> **The problem**
In the material below, begin at the line that has "Back stage with", stop after the line that has "Antonio Villaraigosa and", and transcribe those lines exactly, without pictures.

> **Working data**
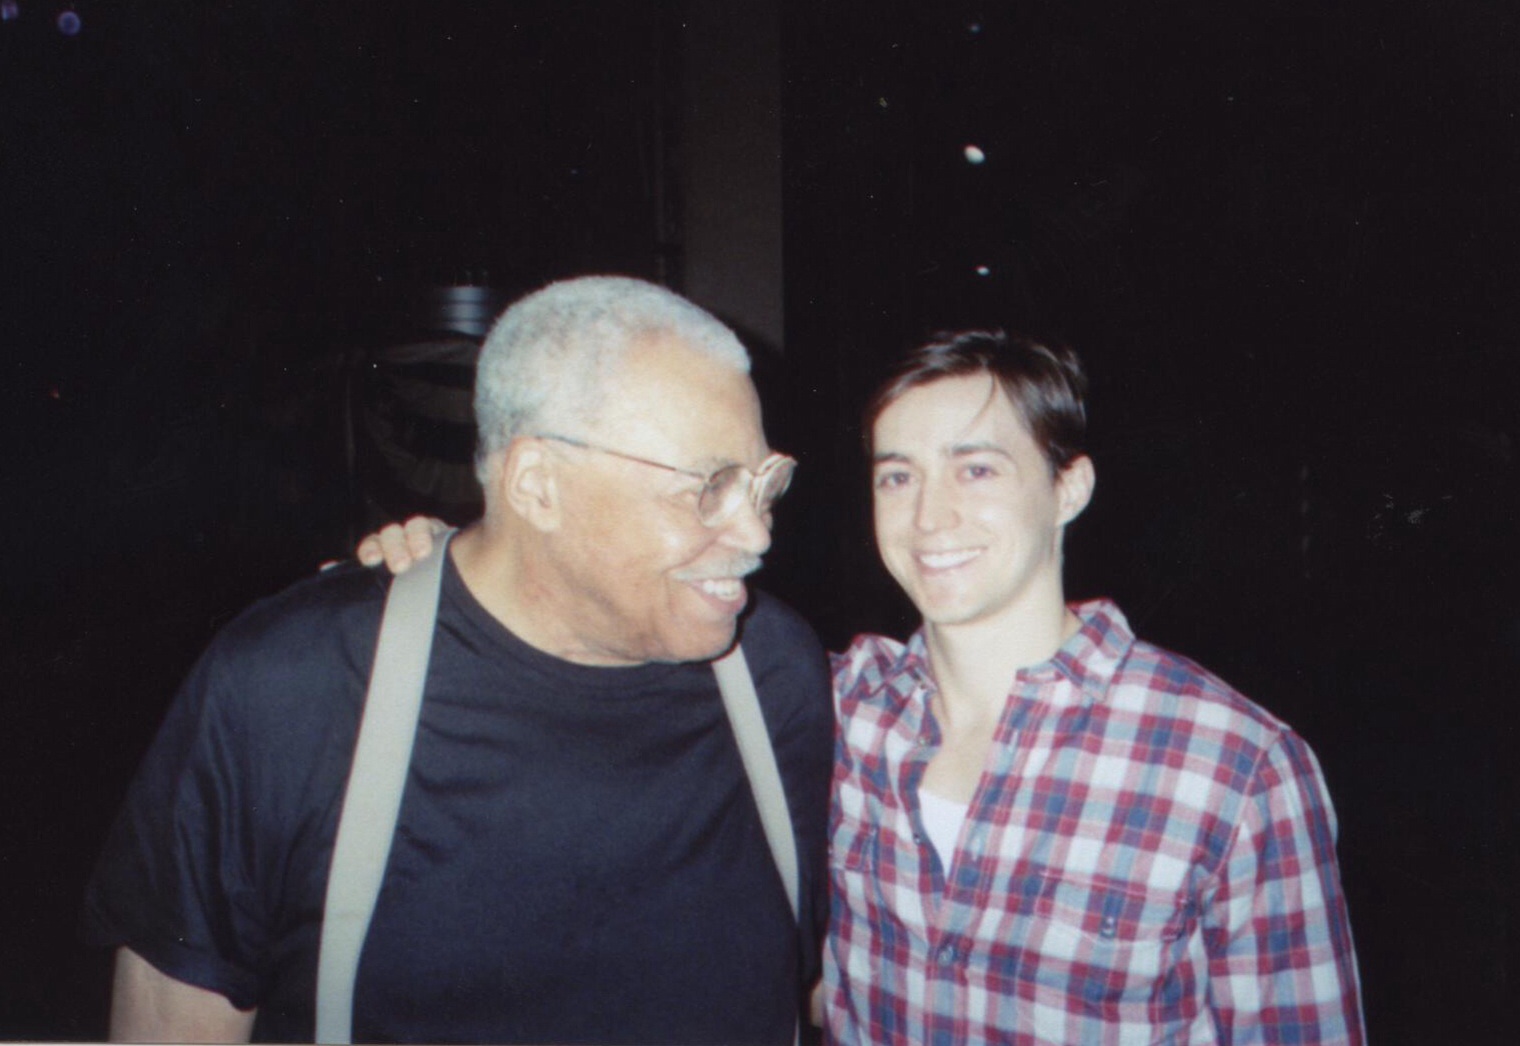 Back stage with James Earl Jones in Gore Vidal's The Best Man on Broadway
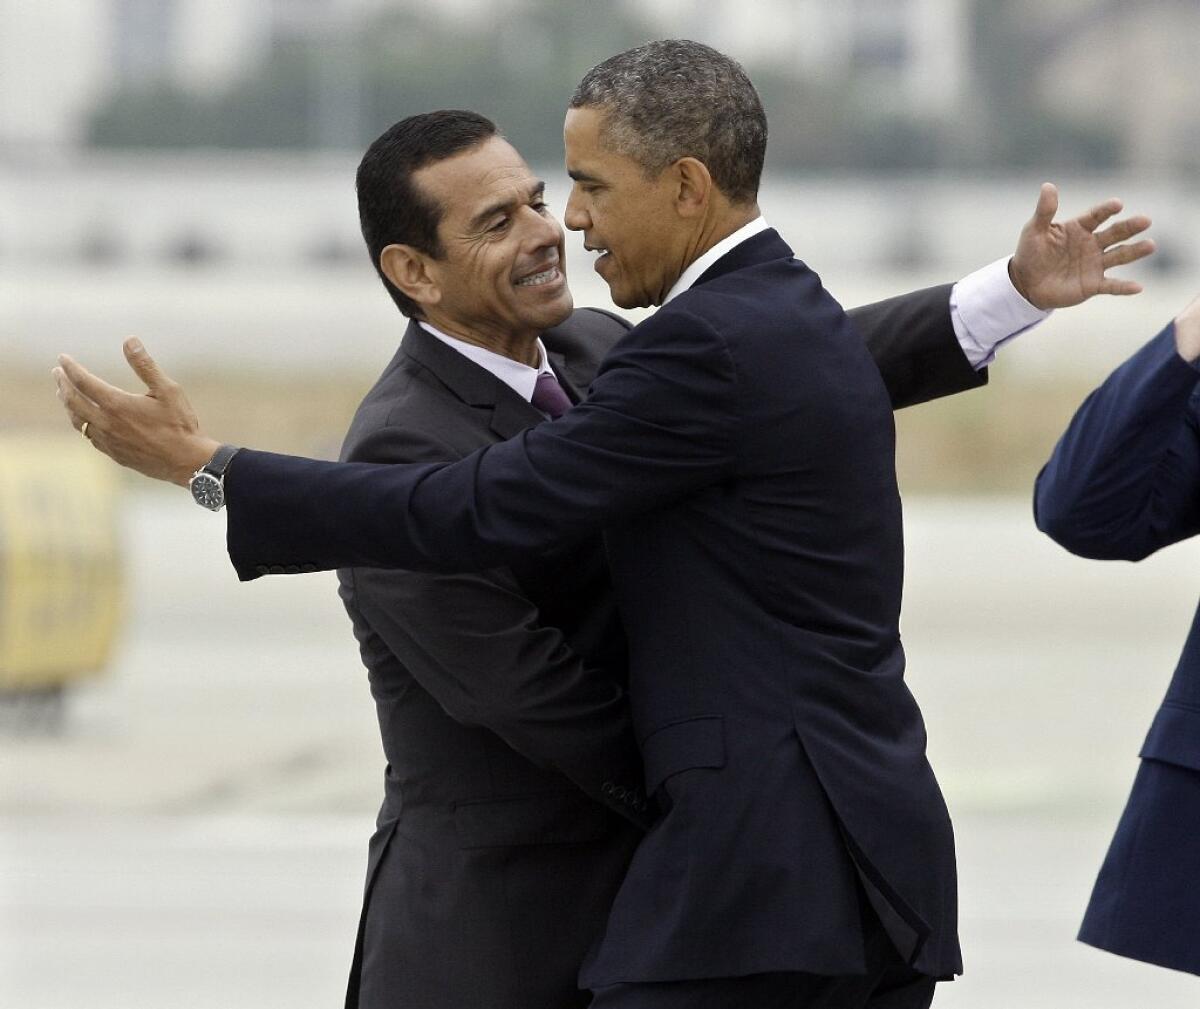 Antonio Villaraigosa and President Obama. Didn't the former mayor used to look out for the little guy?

--

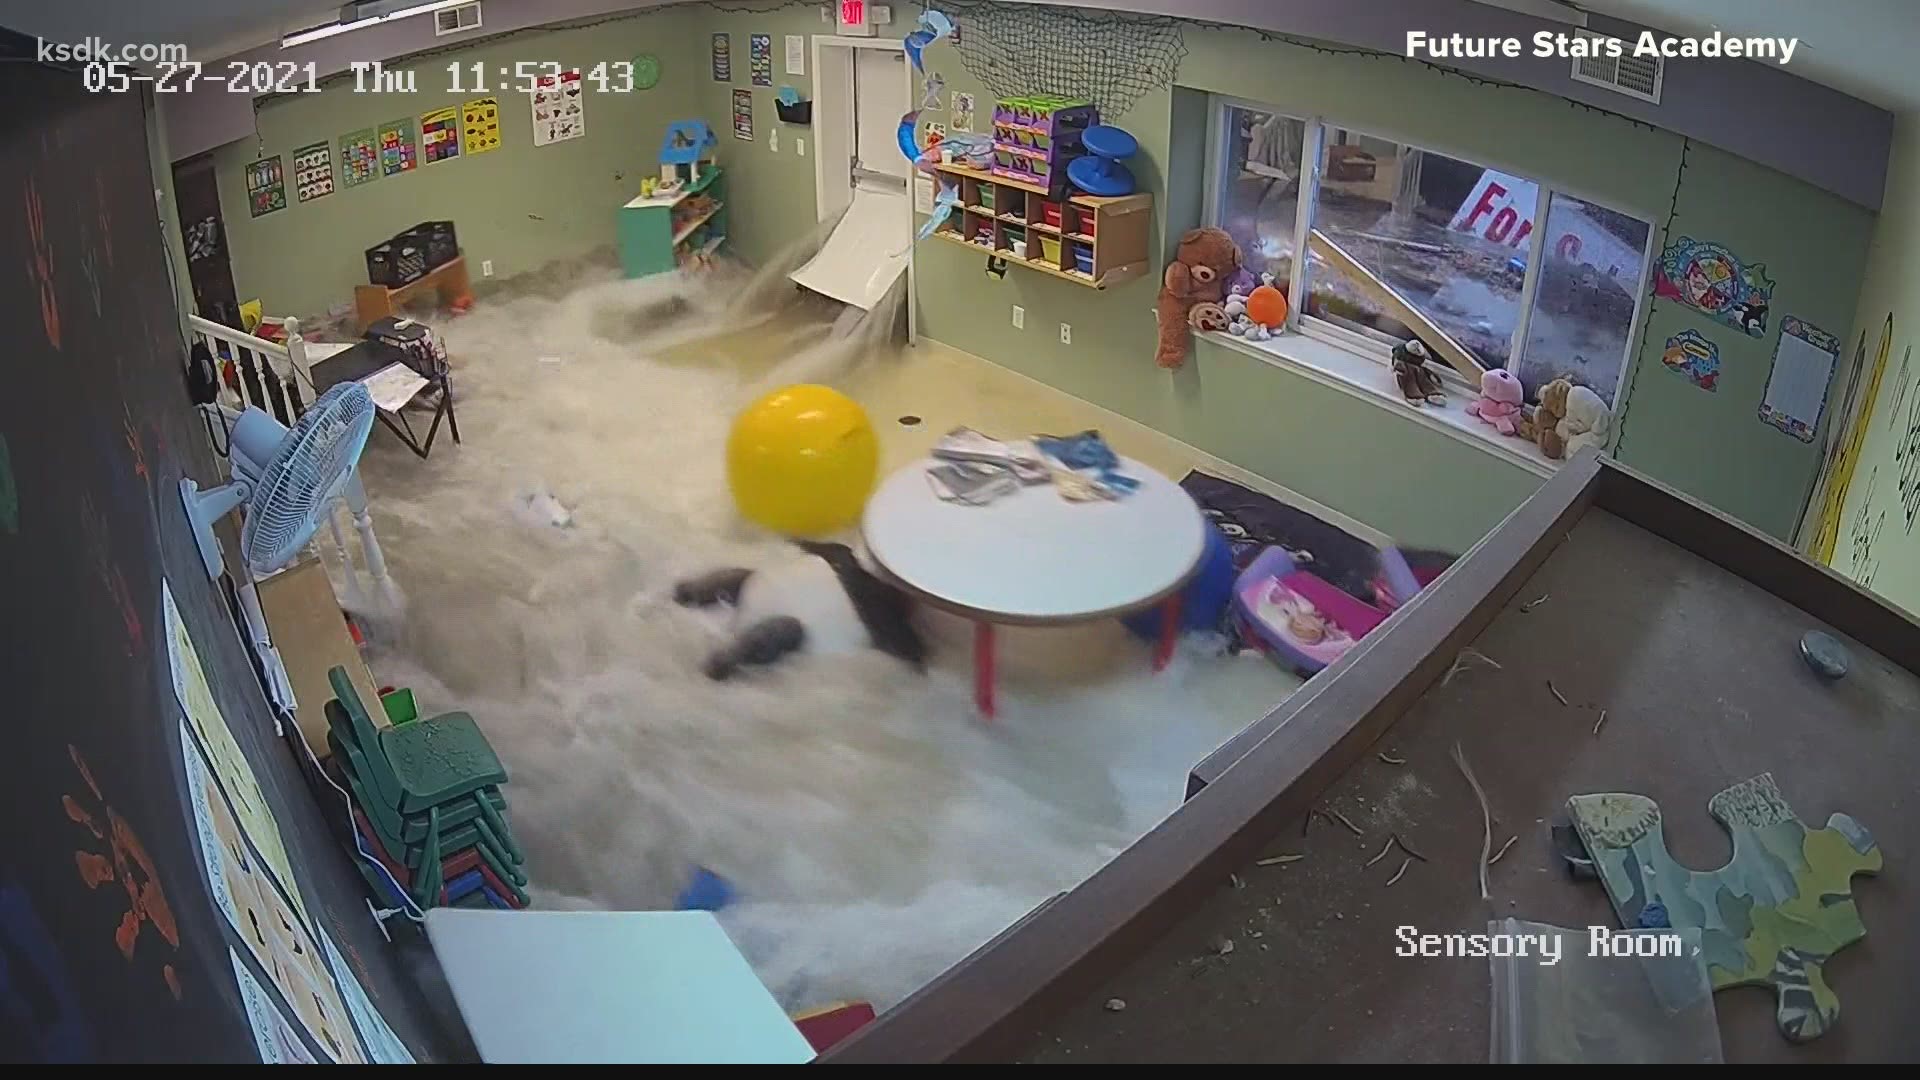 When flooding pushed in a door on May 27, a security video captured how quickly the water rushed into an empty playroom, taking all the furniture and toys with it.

> **Final answer**
 Back stage with James Earl Jones in Gore Vidal's The Best Man on Broadway
 Antonio Villaraigosa and President Obama. Didn't the former mayor used to look out for the little guy?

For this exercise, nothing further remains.